Pisamos sobre un polvorín que, en cualquier momento, puede saltar por los aires si no corregimos con dignidad y justicia las desigualdades brutales e insultantes de una sociedad bipolar, en la que unos poquitos ensoberbecidos lo tienen todo y la inmensa mayoría humillados carecen de los bienes básicos que les permitan una supervivencia digna. Alternativa bipolar para la que no hay futuro en paz, pues es un modelo de sociedad donde las lacras sociales de la miseria y el hambre, se unen  la incultura y la ignorancia, caldo de cultivo de una manipulación fácil para desencadenar guerras cada vez más salvajes, autodestructivas y las consiguientes migraciones imprevisibles… y vergonzosas. La solución clave pasa por elevar la educación y cultura de los pueblos, pues si no cambiamos la concepción del mundo, tampoco cambiarán las conductas personales ni sociales.

 Reflexión 5 .- El mensaje, a modo de conclusión, de esta maravillosa historia, pero muy dura e injusta de la evolución natural, queda diáfano desde la óptica del pensamiento humano sistémico: La solución de futuro es sencilla, también muy compleja a la vez, para nada fácil de conseguir… Todo pasa por un pacto educativo y sociocultural, político y socioeconómico que dé prioridad, como la mejor inversión de futuro, a la educación y cultura de los niños, adolescentes y jóvenes en el que se impliquen desde las familias, las instituciones sociopolíticas, los lobbies socioeconómicos… y los poderosos medios de información multimedia.

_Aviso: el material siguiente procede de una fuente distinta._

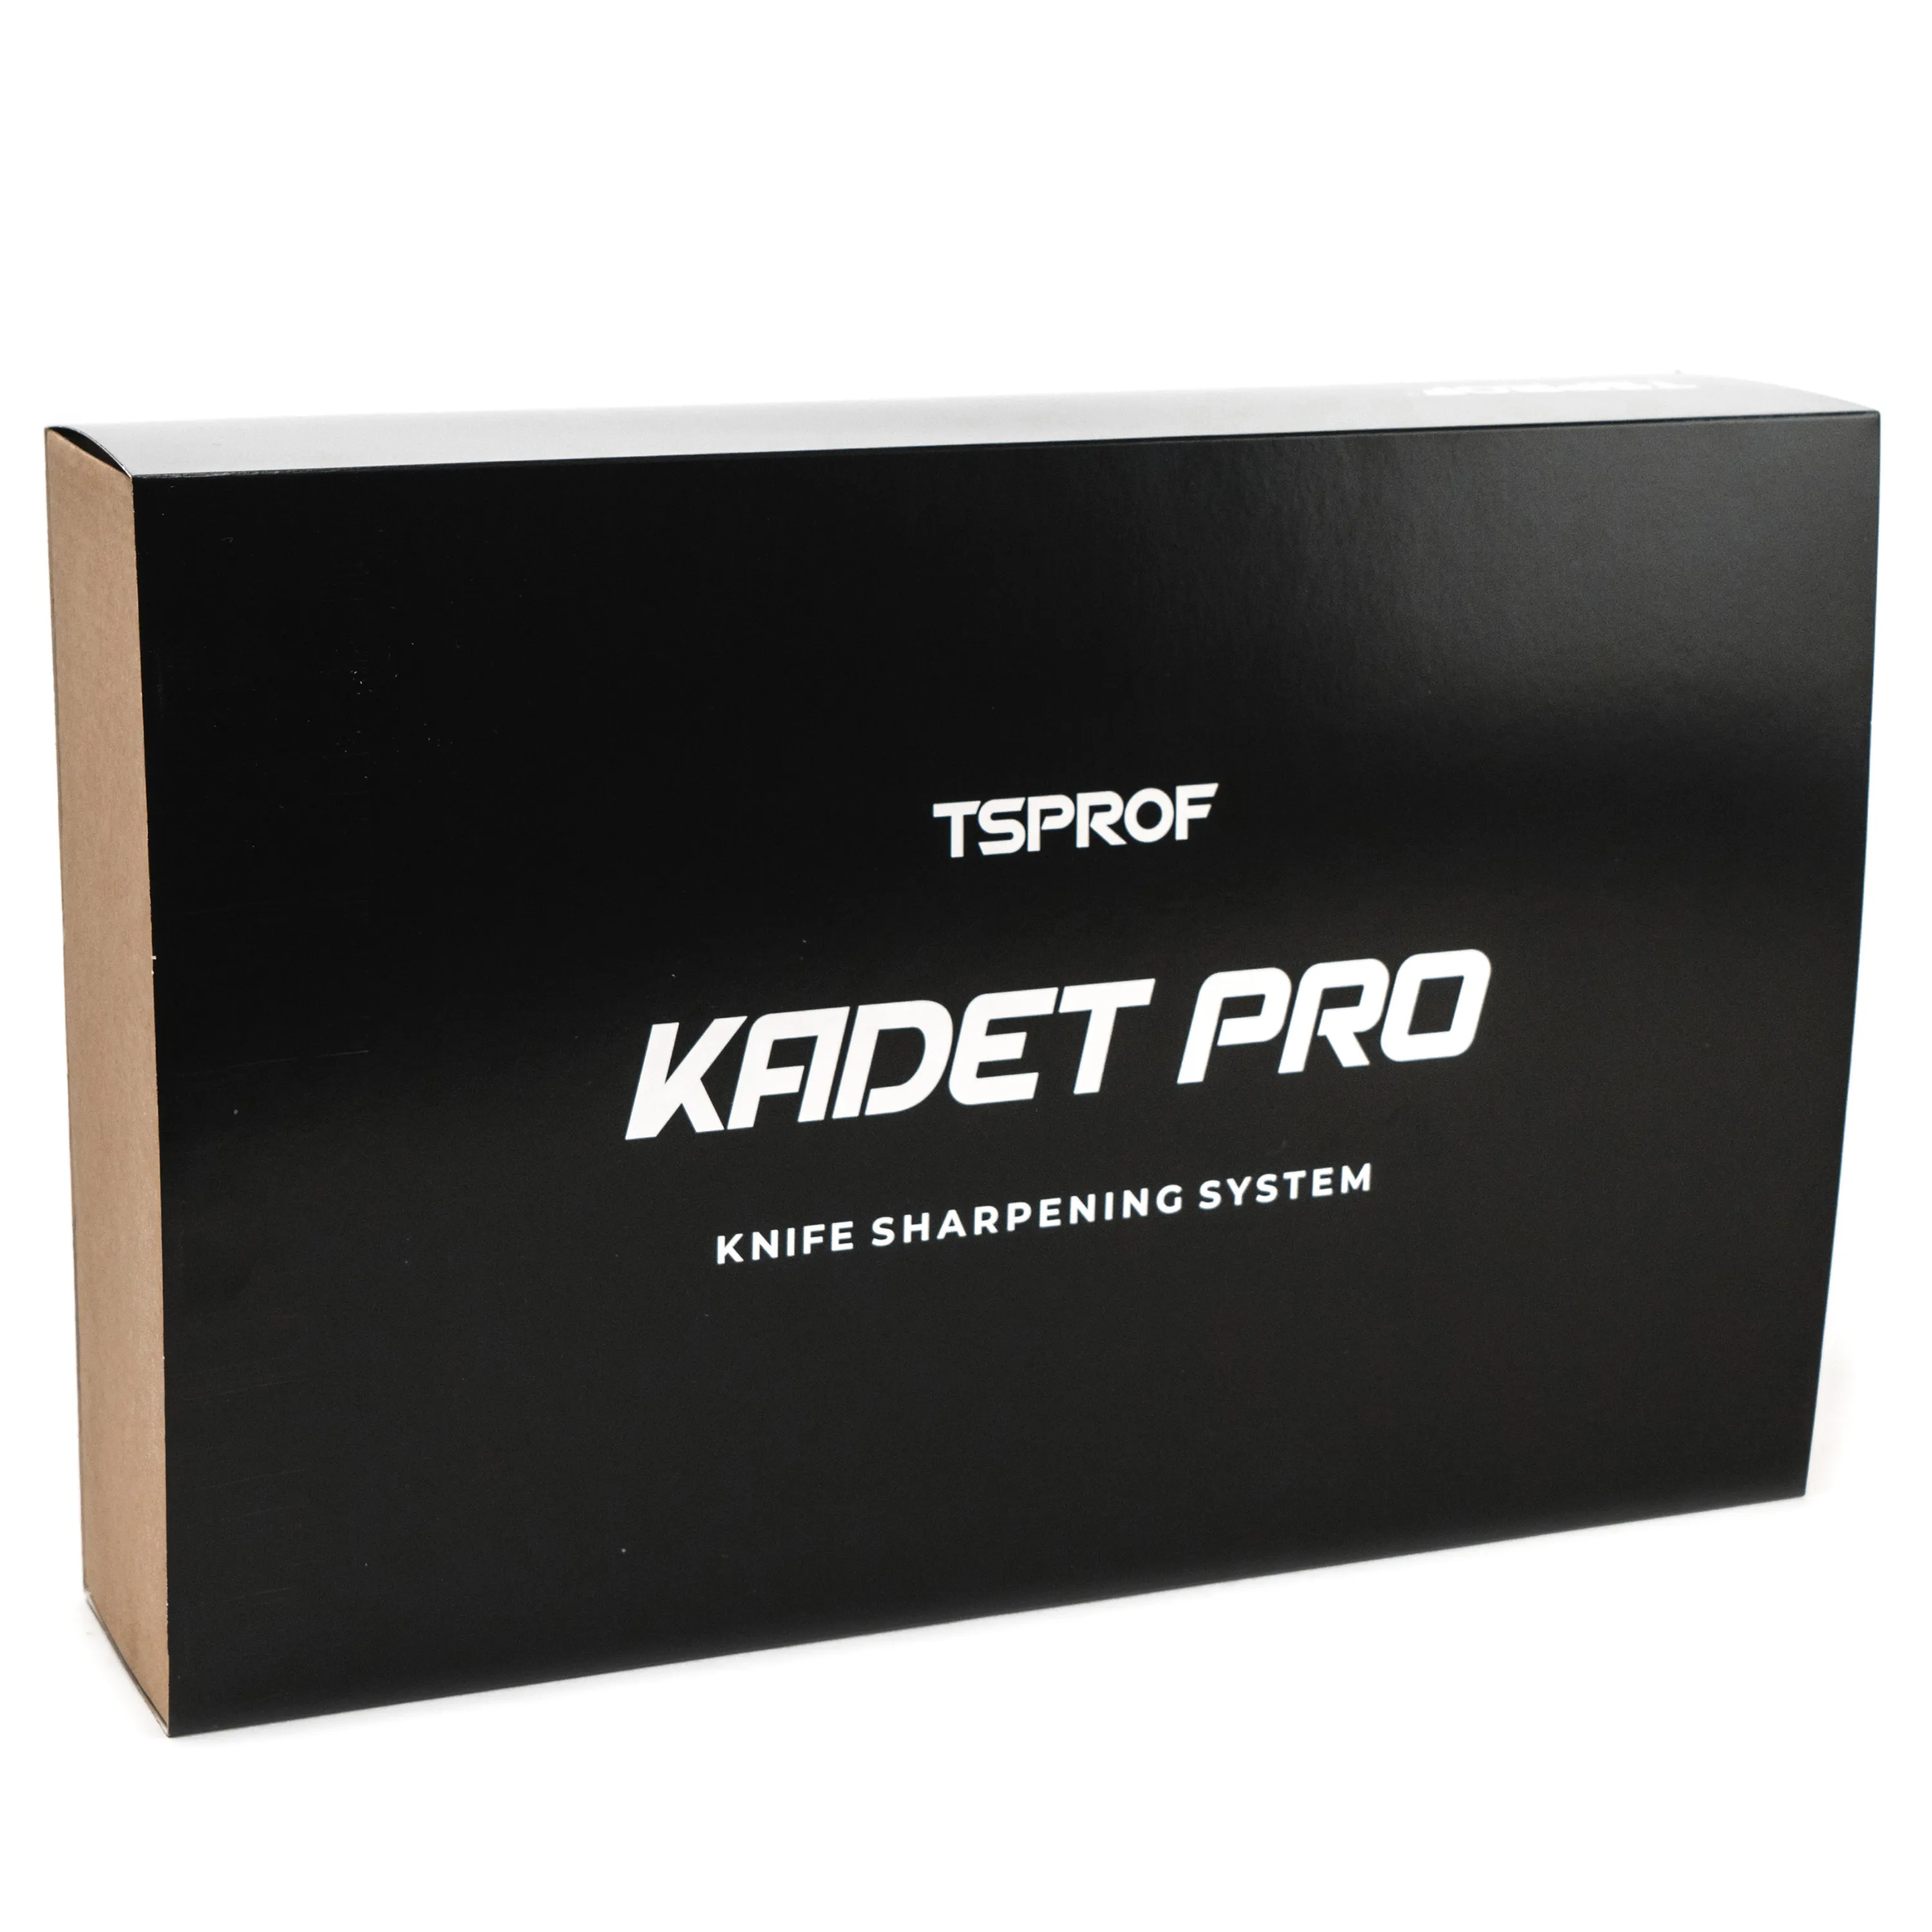 фото Заточное устройство TSPROF Kadet Pro, Версия T (без покрытия) на ytprof.ru
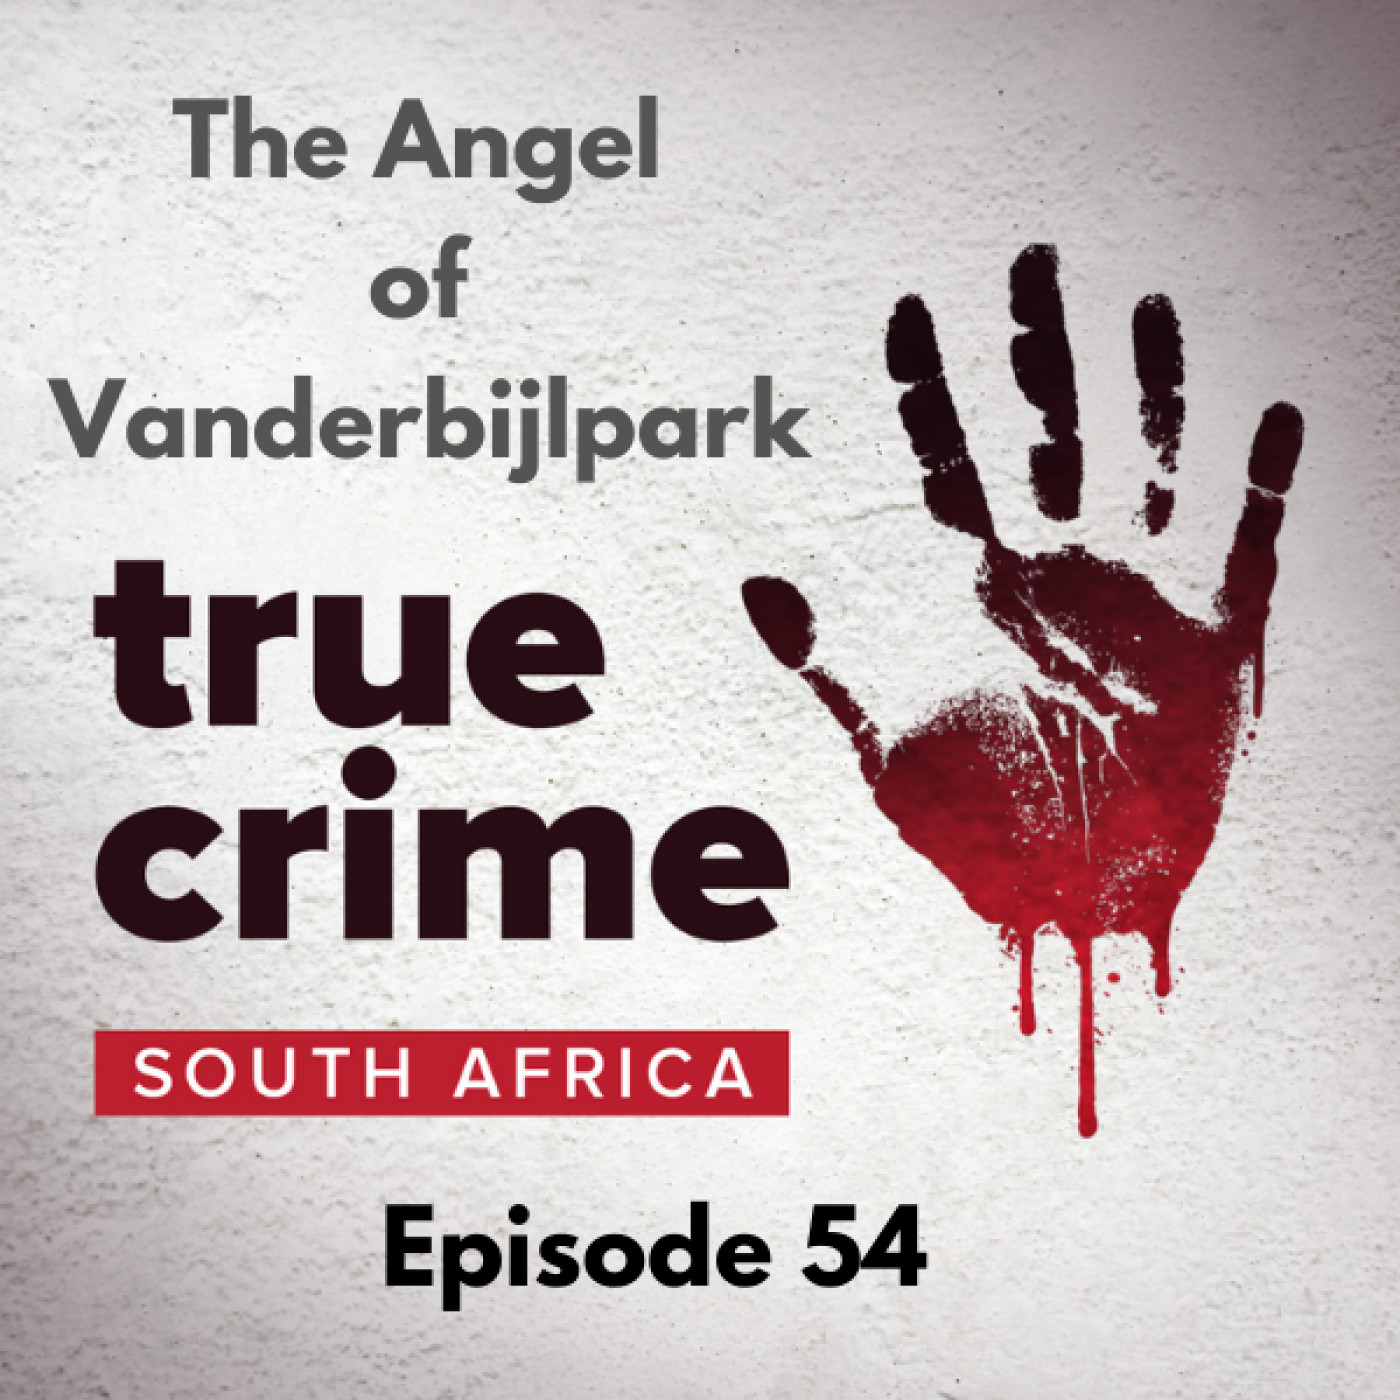 Episode 54 - The Angel of Vanderbijlpark

Nadie como Lynn Margulis, recientemente fallecida sentada frente a su microscopio, y su hijo Dorian Sagan, mentores y exploradores de la hipótesis sobre la endosimbiosis bacteriana, para concluir esta breve narración histórica sobre el origen y la evolución del Universo, la Vida y la Humanidad en un momento de crisis sistémica en la que hace falta un cambio profundo en la manera de entender y de vivir la vida para encontrarle sentido. Así se expresan estos dos magníficos comunicadores de la ciencia sobre las lecciones que nos da la naturaleza viva en ¿Qué es la vida? -Tusquets editores, 2001:

“A menudo nos olvidamos de hasta qué punto la vida en la Tierra es interdependiente. Sin la vida microbiana nos hundiríamos en las heces y nos ahogaríamos en el dióxido de carbono que exhalamos. Es imposible juzgar la historia de la evolución de manera equilibrada si sólo la concebimos como una fase preparatoria para la vida más compleja de los seres humanos. La mayor parte de la historia de la vida ha sido microbiana. La naturaleza antigua, vasta y fundamental de nuestra interdependencia con otras formas de vida debería dotarnos de cierta humildad y sentar las bases para que podamos afrontar el futuro sin falsas ilusiones. A pesar de nuestras quejas continuas, somos tanto explotadores como víctimas, y somos consumidos igual que nosotros consumimos a otros seres. La moraleja de la historia de la evolución natural es que sólo a través de la conservación de las especies, de la interacción o la creación de redes, y no a través de la subyugación [humillante], podremos evitar un fin prematuro de nuestra especie.”